Your next example does something completely different, reading the single next char from the input-stream into *str1:

char str1[50];
scanf("%c",str1[0]);

That's probably not what you wanted.

Additional note: Always check how many fields where assigned, that's the return-value of scanf.

Answer 3

When you declare an array such as char str1[50], memory for the array is allocated on the stack and looks like:

str1
+----+----+----+----+----+----+----+
| 0  | 1  |   ........   | 48 | 49 |
+----+----+----+----+----+----+----+

Now, if you take the elements of the array, they are:

str1[0]
+----+----+----+----+----+----+----+
| 0  | 1  |   ........   | 48 | 49 |
+----+----+----+----+----+----+----+

     str1[1]
+----+----+----+----+----+----+----+
| 0  | 1  |   ........   | 48 | 49 |
+----+----+----+----+----+----+----+

etc.

For arrays like that, it so happens that the address of str1 is the same as the address of str1[0].

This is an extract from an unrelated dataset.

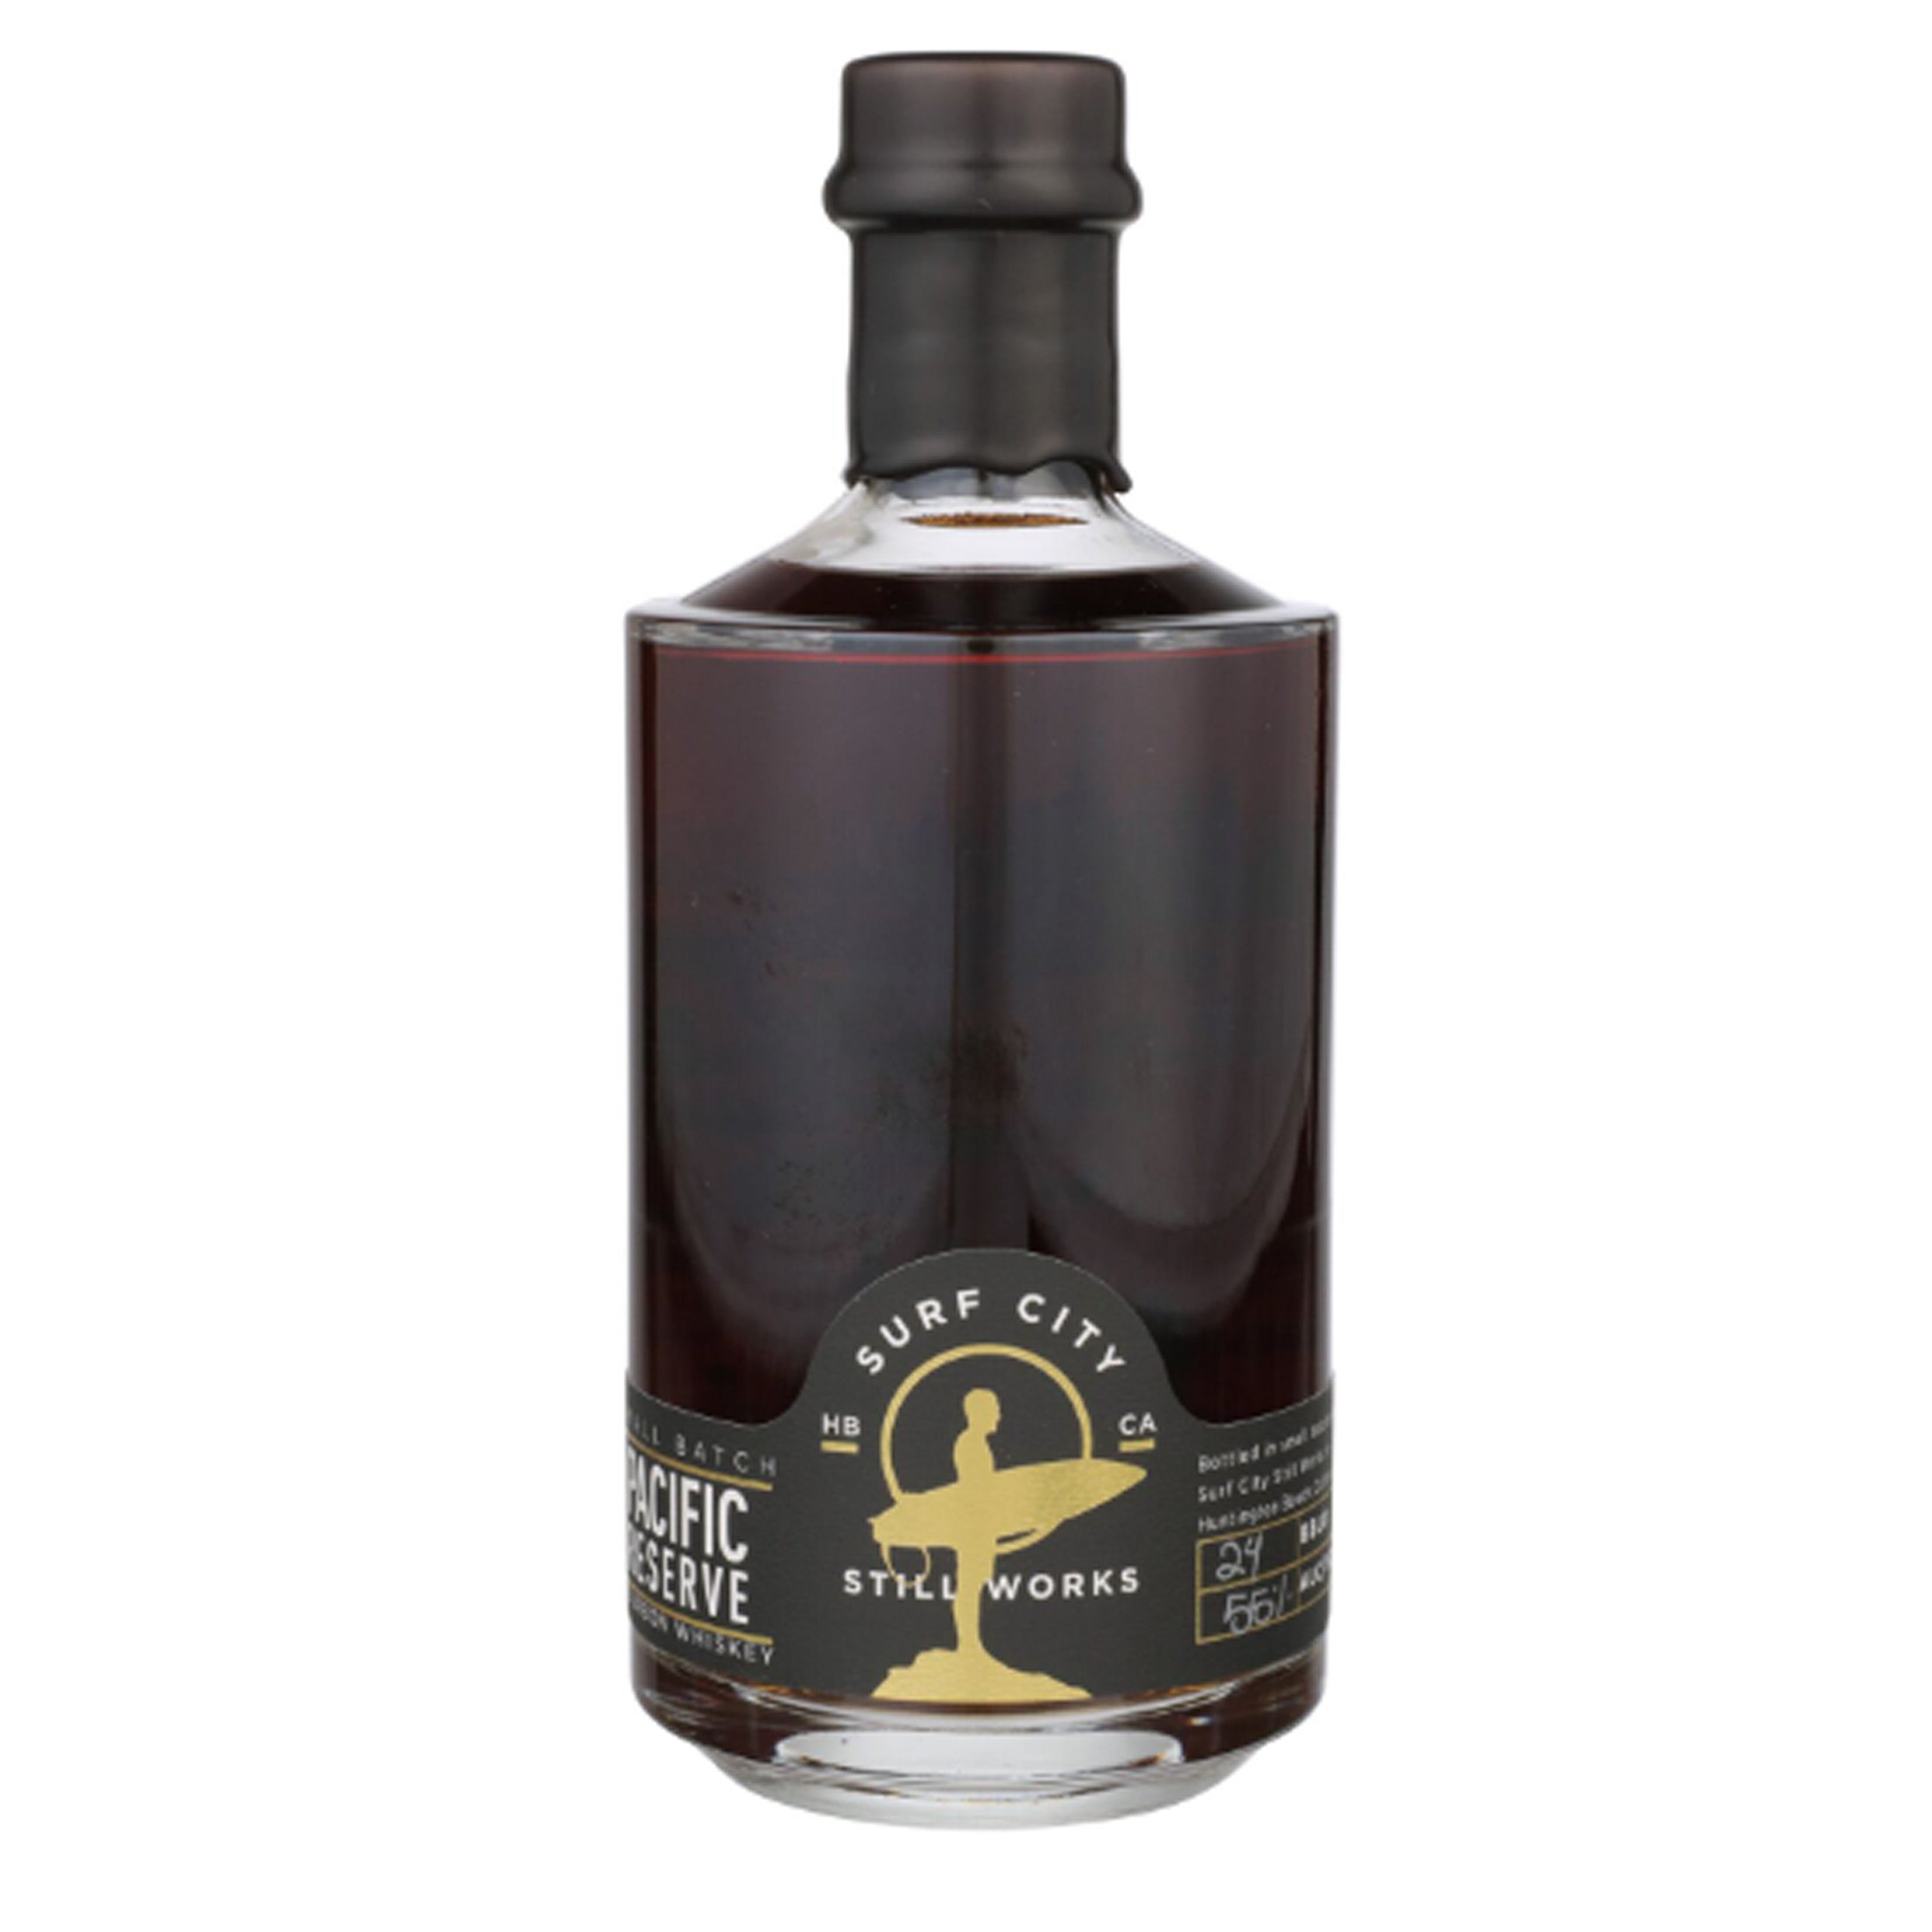 Surf City Still Works Pacific Reserve Bourbon Whiskey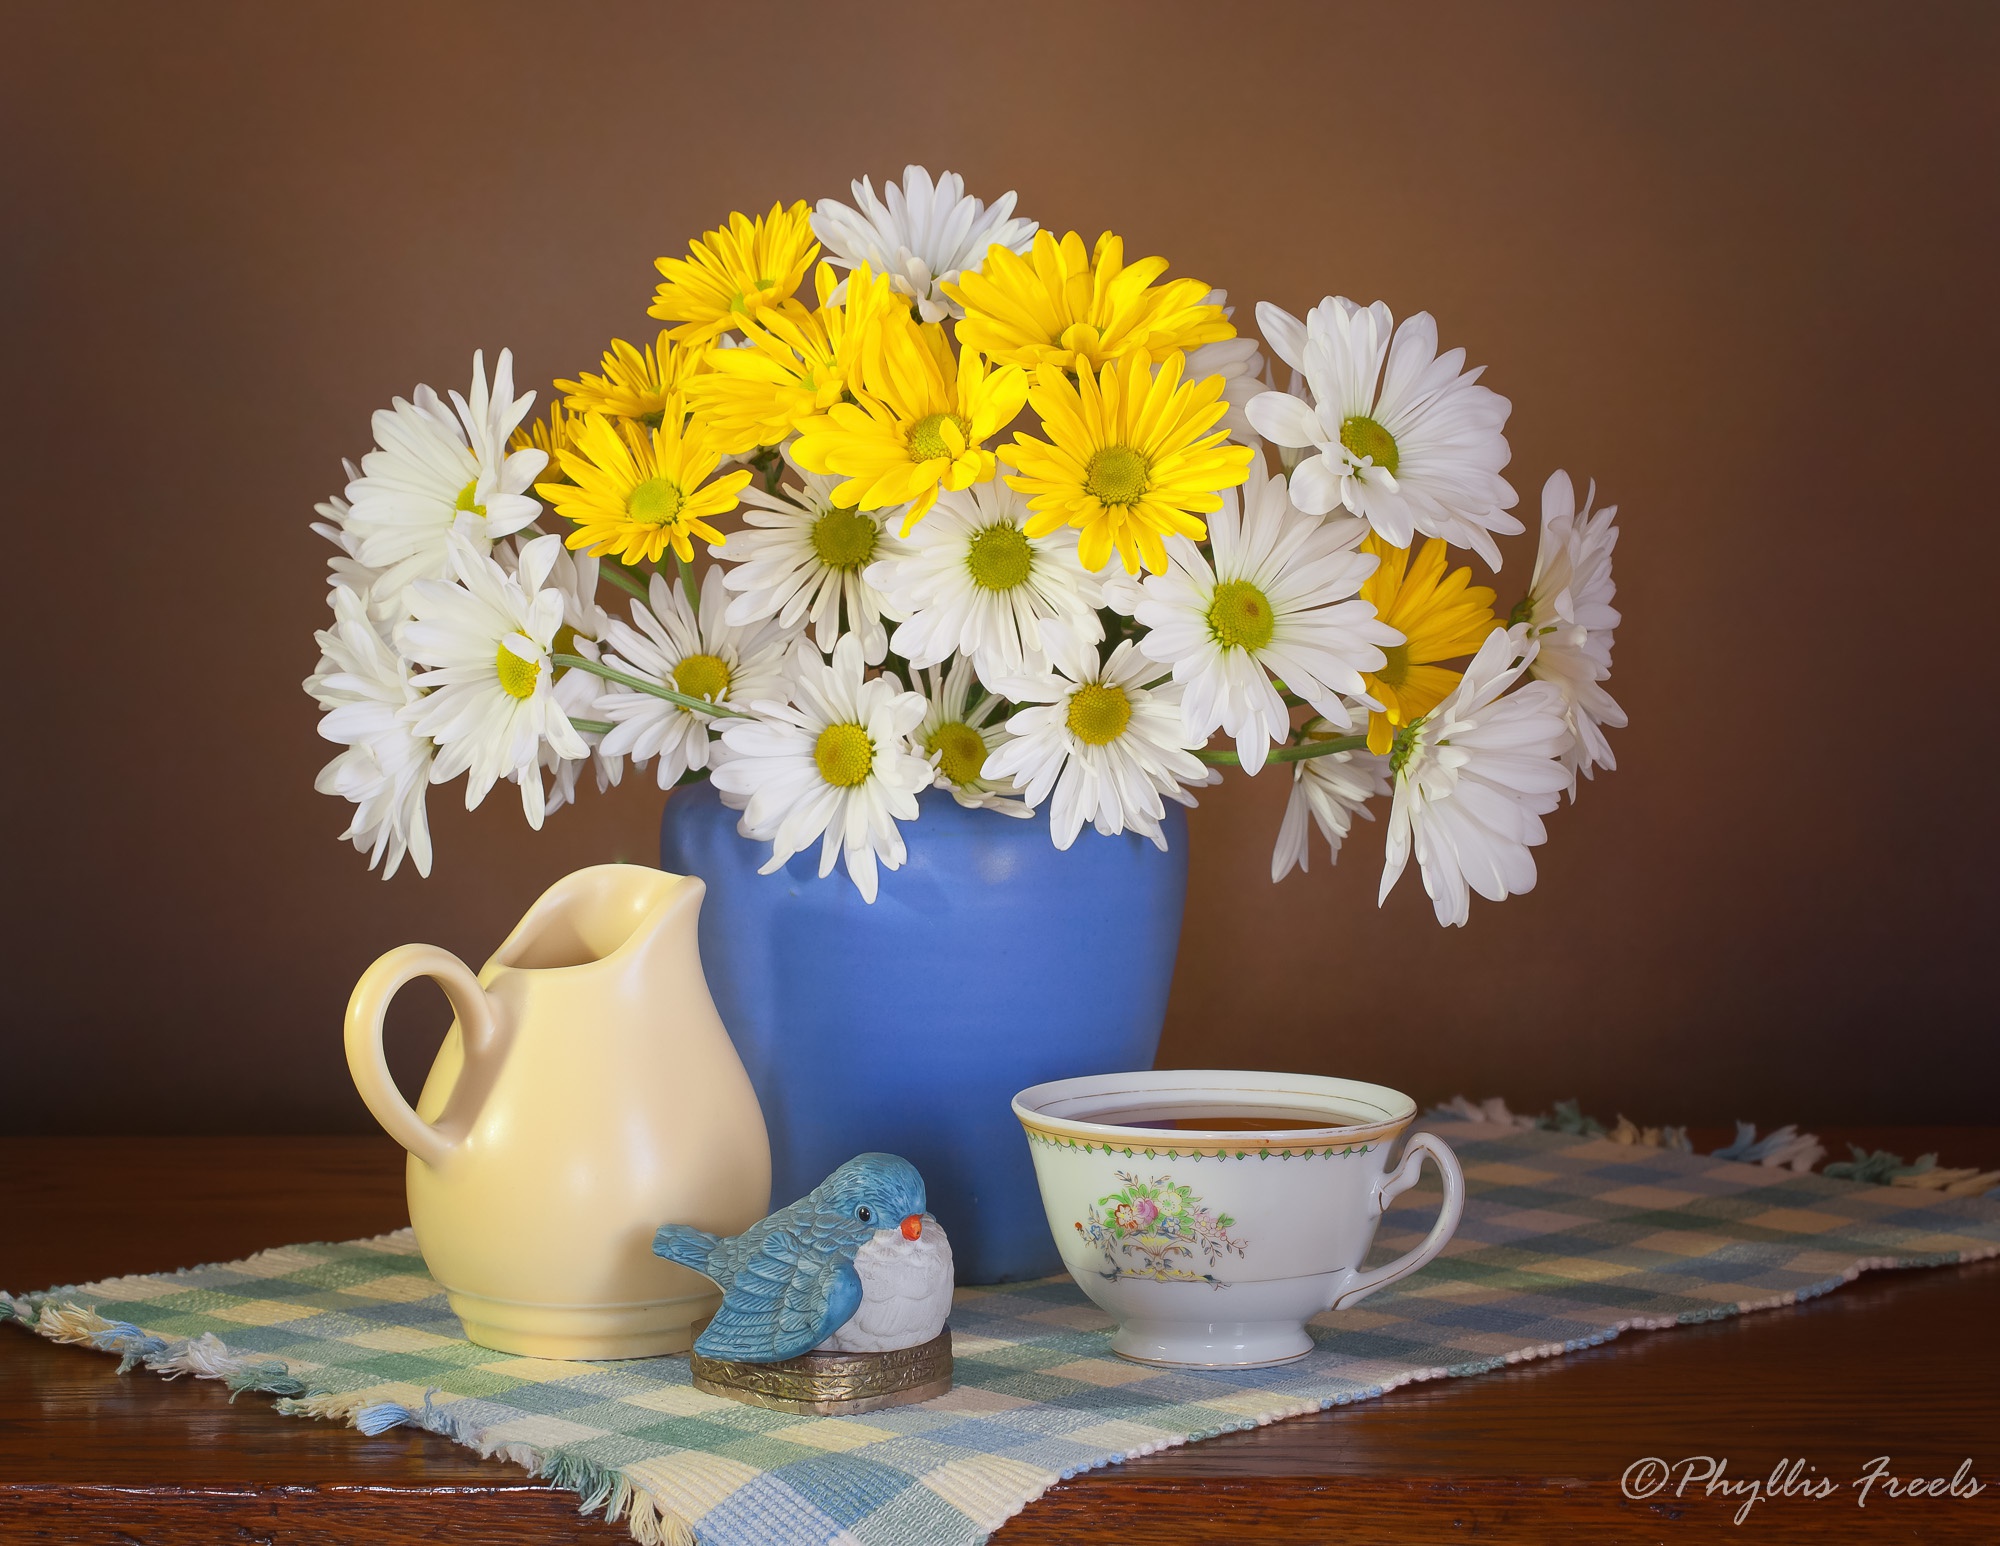 General 2000x1546 still life cup flowers colorful plants

Synantically, the correct way of using using scanf is:

scanf("%s", str1);

or

scanf("%s", &str1[0]);

It works with

scanf("%s", &str1);

since &str1 and &str1[0] are the same.

They won't work if you use a dynamically allocated array.

char* str2 = malloc(50);

Let's say the value returned by malloc is AAA

The memory layout for str2 looks like:

str2
+-----+
| AAA |
+-----+

The memory at address AAA looks like:

+----+----+----+----+----+----+----+
| 0  | 1  |   ........   | 48 | 49 |
+----+----+----+----+----+----+----+

The elements of the array are located starting at AAA.

str2[0]
+----+----+----+----+----+----+----+
| 0  | 1  |   ........   | 48 | 49 |
+----+----+----+----+----+----+----+

     str2[1]
+----+----+----+----+----+----+----+
| 0  | 1  |   ........   | 48 | 49 |
+----+----+----+----+----+----+----+

For this case, &str2 is not the same as &str2[0]. If you use:

scanf("%s", &str2);

you will experience undefined behavior.

Answer 4

In my opinion, the real issue here is that C / C++ treats array names as references rather than values, combined with the fact that some C / C++ compilers will treat an explicit reference to an array name, such as &str, the same as str. For example with the following code, some 32 bit compilers (Visual C/C++ 4.0) will output 32 for sizeof str1 and 32 for size of &str1, while others (Visual Studio 2005 or later) will output 32 for sizeof str1 and 4 for sizeof &str1

#include <stdio.h>
main()
{
char str1[32];
    printf("%d %d\n", sizeof(str1), sizeof(&str1));
    return (0);
}